I think the key is to realize the difference between acceptability and preferences. Each side has a set of accepted ciphersuites, and a preference order among those ciphersuites. Non-accepted ciphersuites aren't considered for preferences at all.
Due to the design of the TLS protocol, the client sends its set of accepted ciphersuites to the server. It sends this set as an ordered list, and the order indicates the client's preferences. The server never shows the client what it accepts or what its preferences is. It makes a selection, and tells the client what that selection is. That's why the server has final authority to select the ciphersuite. The server doesn't have complete authority though: it can't make the client use a ciphersuite that the client doesn't want.
From the client's perspective, the server doesn't have an acceptable set, or preferences. All the client knows is that the server chose one particular ciphersuite among the ones that the client offered.
The server needs to select a ciphersuite that's acceptable to both the client and the server. If there's some ciphersuite that the client accepts but the server doesn't, the server won't consider it at all. Likewise, if there's some ciphersuite that the server accepts but not the client, then the server can't select it (that would violate the protocol and the client would shut the connection down).

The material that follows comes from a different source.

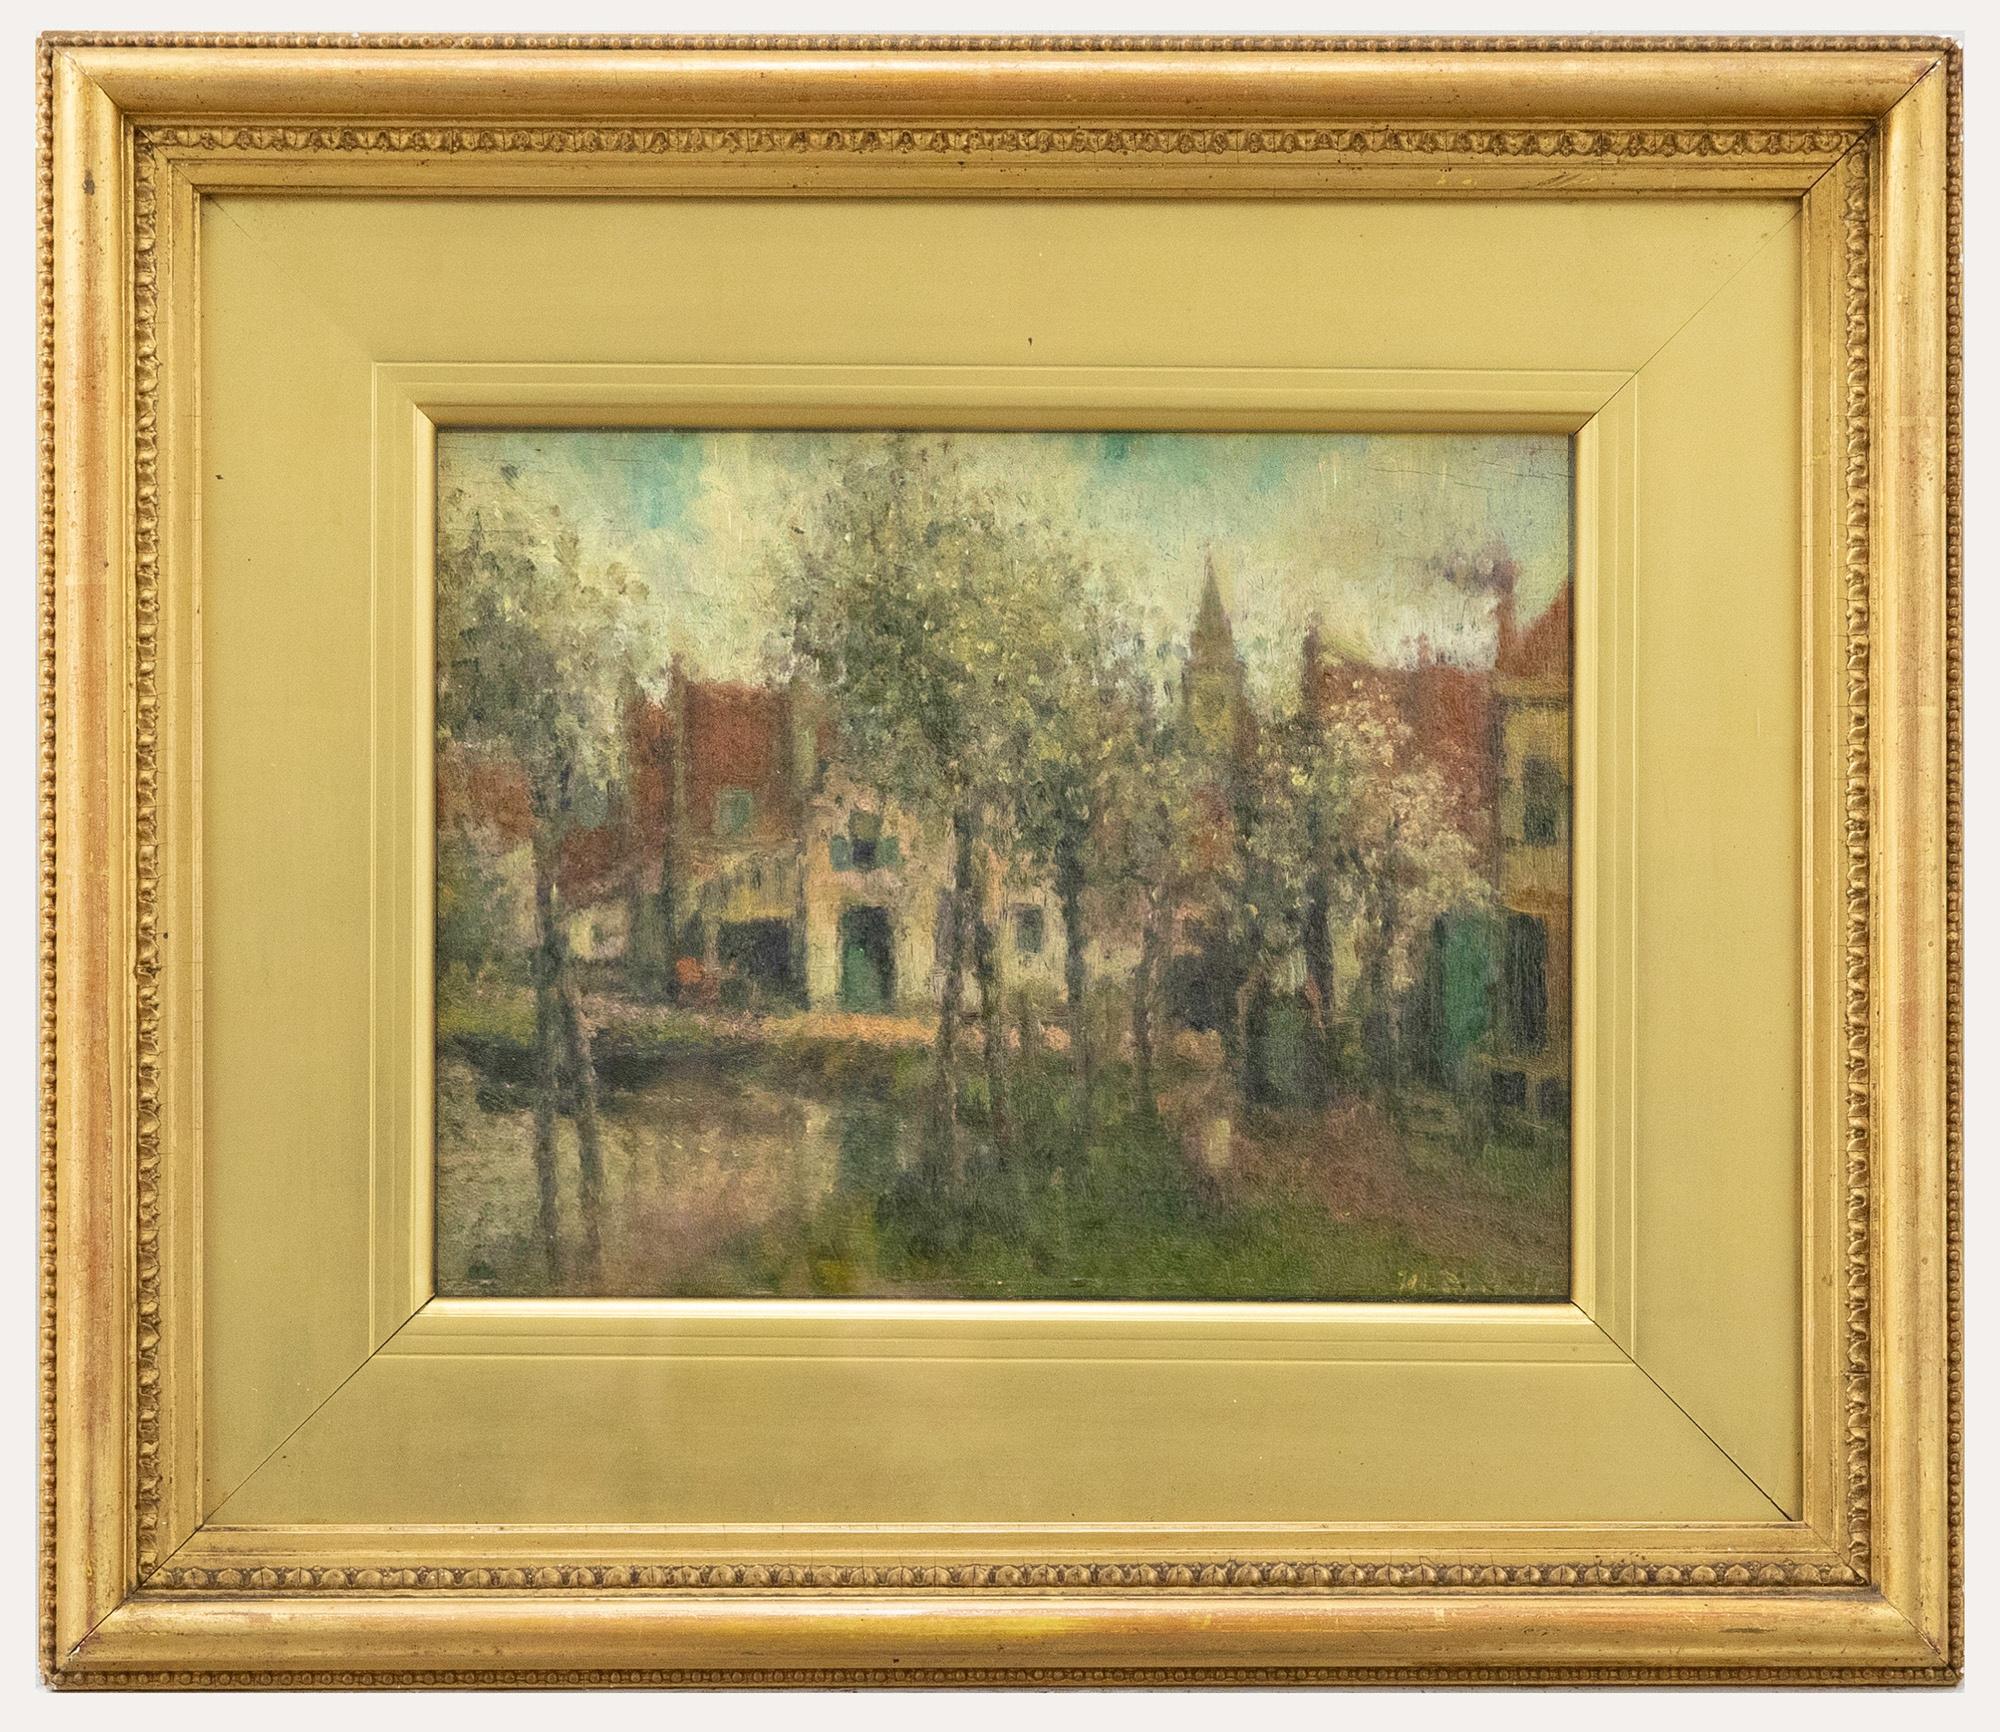 A charming oil scene depicting a dutch village and farm buildings. Painted in an impressionist style using soft brushwork to capture the sleepy village scene. Signed to the lower right. Presented in a gilt frame and slip. Title to label verso. On

Any ciphersuite that's both in the client's preference list and in the server's preference list is by construction acceptable to both parties. Among the mutually-acceptable ciphersuites, the server has authority to decide which one to choose.
It could pick one randomly, or based on the phase of the moon, or it could take a hash of the concatenation of the two lists modulo the size of the mutually-acceptable set and use that as an index in the mutually-acceptable list sorted in reverse alphabetical order of the rot13 transform of the official ciphersuite names. Or it can make its choice in a saner way, and OpenSSL offers the two ways that actually make sense: amongst the mutually-acceptable set, pick either the one that the server prefers most, or the one that the client prefers most.